Army of fake Russian Twitter accounts 'meddled in Brexit vote'

Emilio Casalicchio

2 min read

Fake Twitter accounts based in Russia posted thousands of messages encouraging people to vote for Brexit ahead of the EU referendum last year, it has been claimed.


More than 150,000 accounts - many of them with apparently little or no human control - focused heavily in Brexit in the days leading up to the vote, according to the Times.

The paper said they posted some 45,000 messages just in the last 48 hours of the referendum campaign - most of them supporting a vote to leave the EU.

It comes as a UK security chief was set to detail how Russian hackers have targeted the UK energy network, telecoms and the media over the past year.

On Monday Theresa May warned Russian president Vladimir Putin: “We know what you are doing. And you will not succeed.”

The details in the Times come from research for an upcoming paper by data scientists at Swansea University and the University of California, Berkeley.

Their report says a “massive number of Russian-related tweets was created a few days before the voting day, reached its peak during the voting and the result and then dropped immediately afterwards”.

Meanwhile, the Guardian detailed a separate investigation by the University of Edinburgh which identified more than 400 fake Twitter accounts that had tweeted about Brexit.

They were thought to be run from the Russian Internet Research Agency in St Petersburg.

Ciaran Martin - the head of the National Cyber Security Centre - is set to tell the Times Tech Summit in London today: "I can't get into precise details of intelligence matter, but I can confirm that Russian interference, seen by the National Cyber Security Centre over the past year, has included attacks on the UK media, telecommunications and energy sectors."

According to the Daily Telegraph, he will add: "Russia is seeking to undermine the international system. That much is clear.”

'YOU WILL NOT SUCCEED'

At the annual Lord Mayor's Banquet on Monday, the Prime Minister launched her strongest attack yet on President Putin as she detailed Russian efforts to interfere with the West.
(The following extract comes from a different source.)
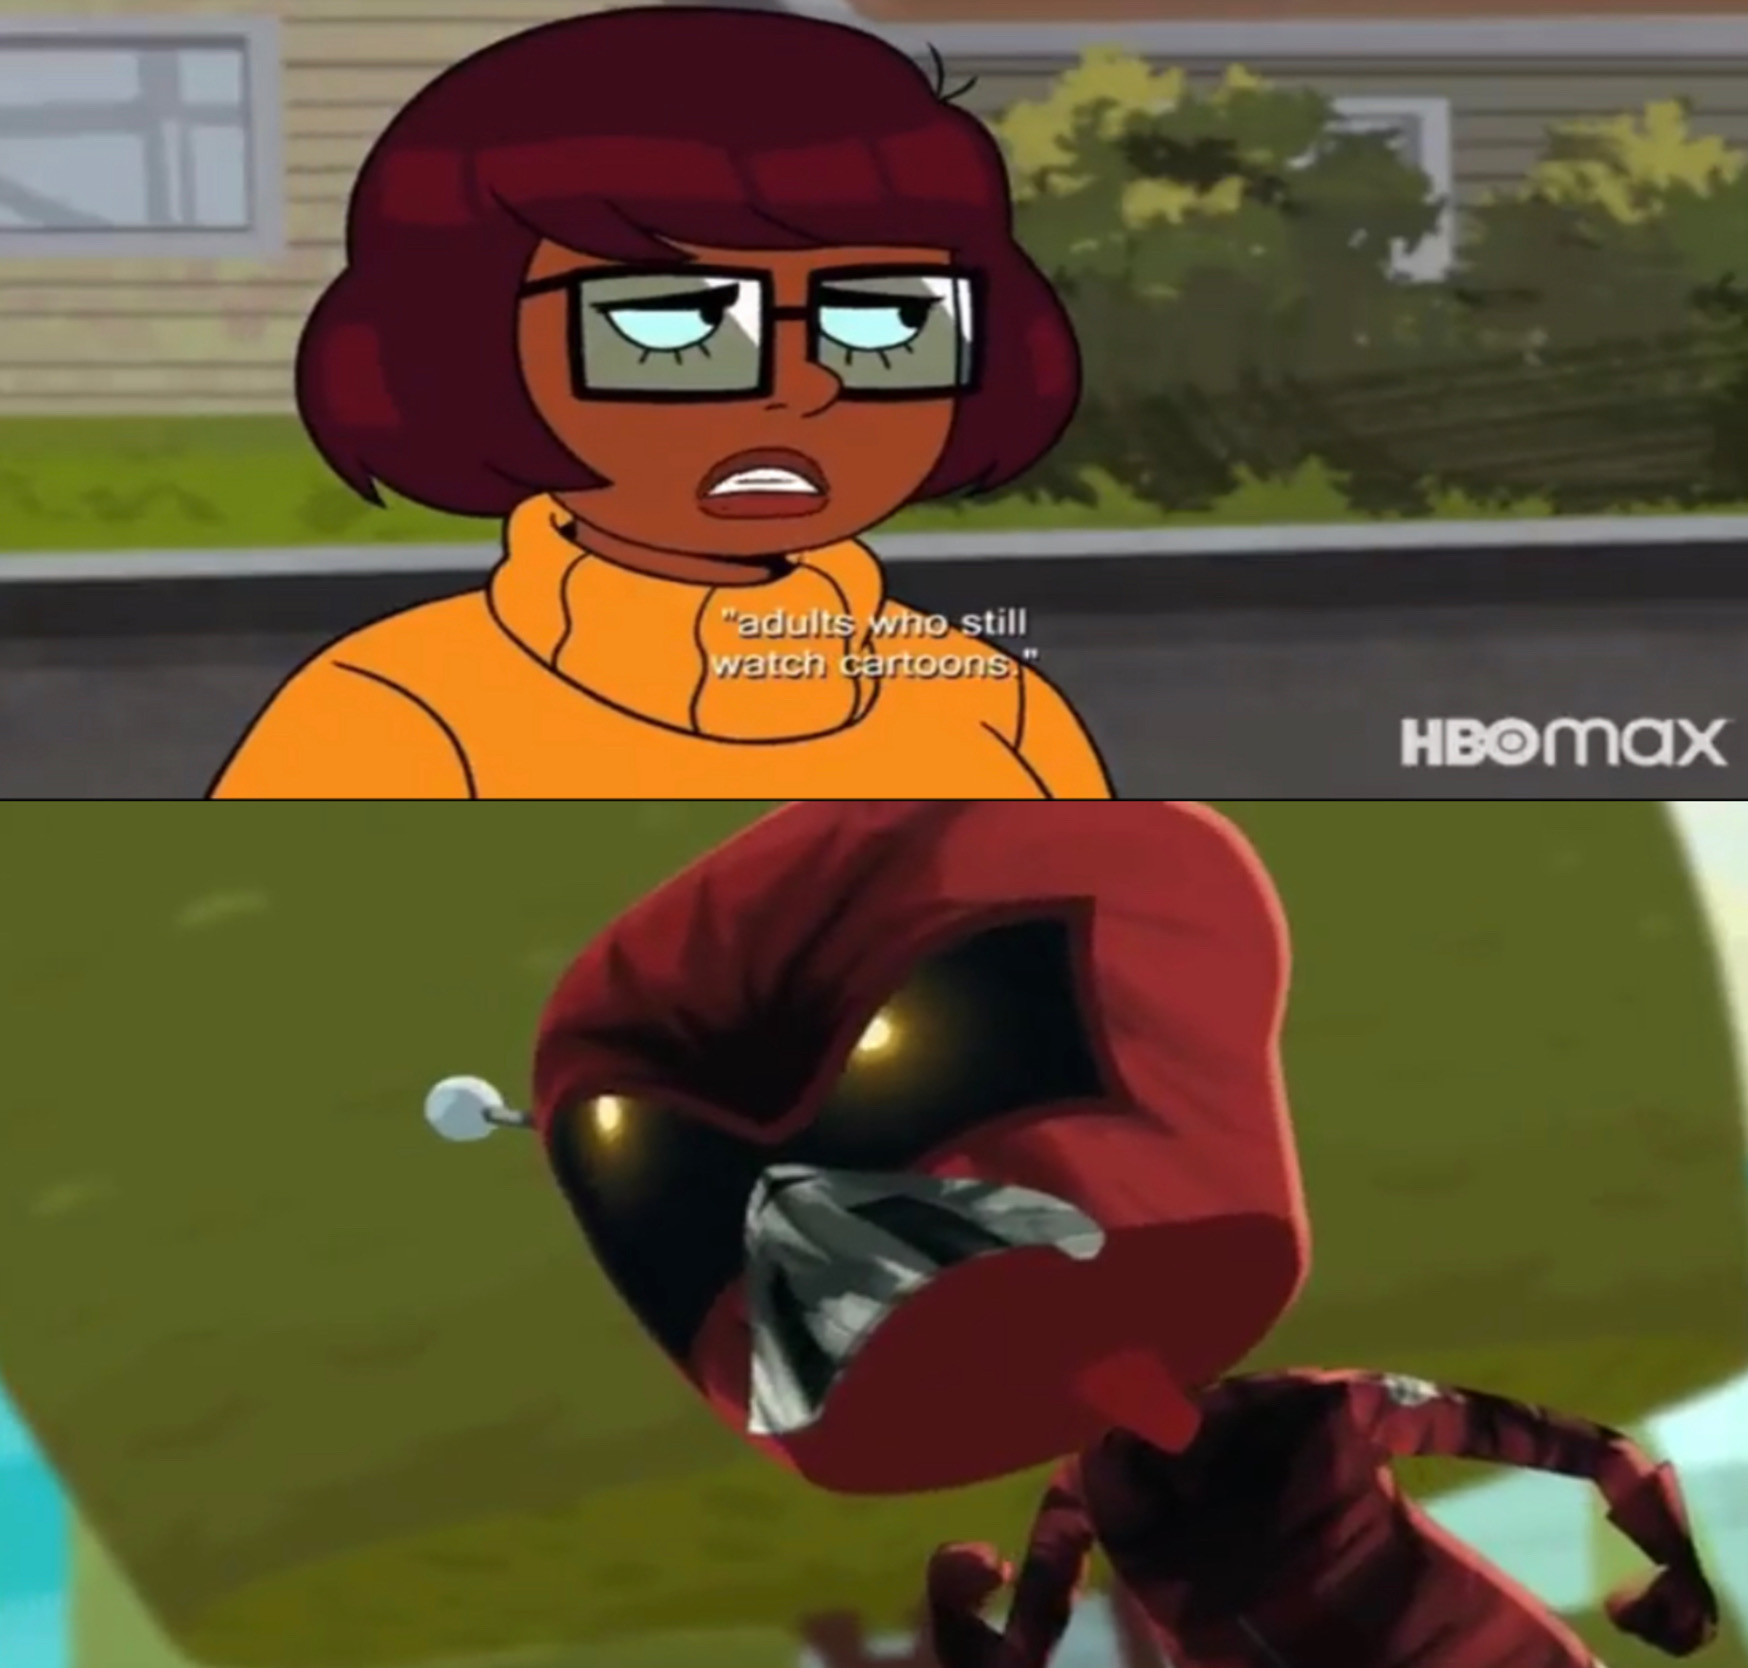 Why do people hate Velma so much?

"It is seeking to weaponise information. Deploying its state-run media organisations to plant fake stories and photo-shopped images in an attempt to sow discord in the West and undermine our institutions,” she said.

"So I have a very simple message for Russia. We know what you are doing. And you will not succeed.

"Because you underestimate the resilience of our democracies, the enduring attraction of free and open societies, and the commitment of Western nations to the alliances that bind us. 

"The UK will do what is necessary to protect ourselves, and work with our allies to do likewise."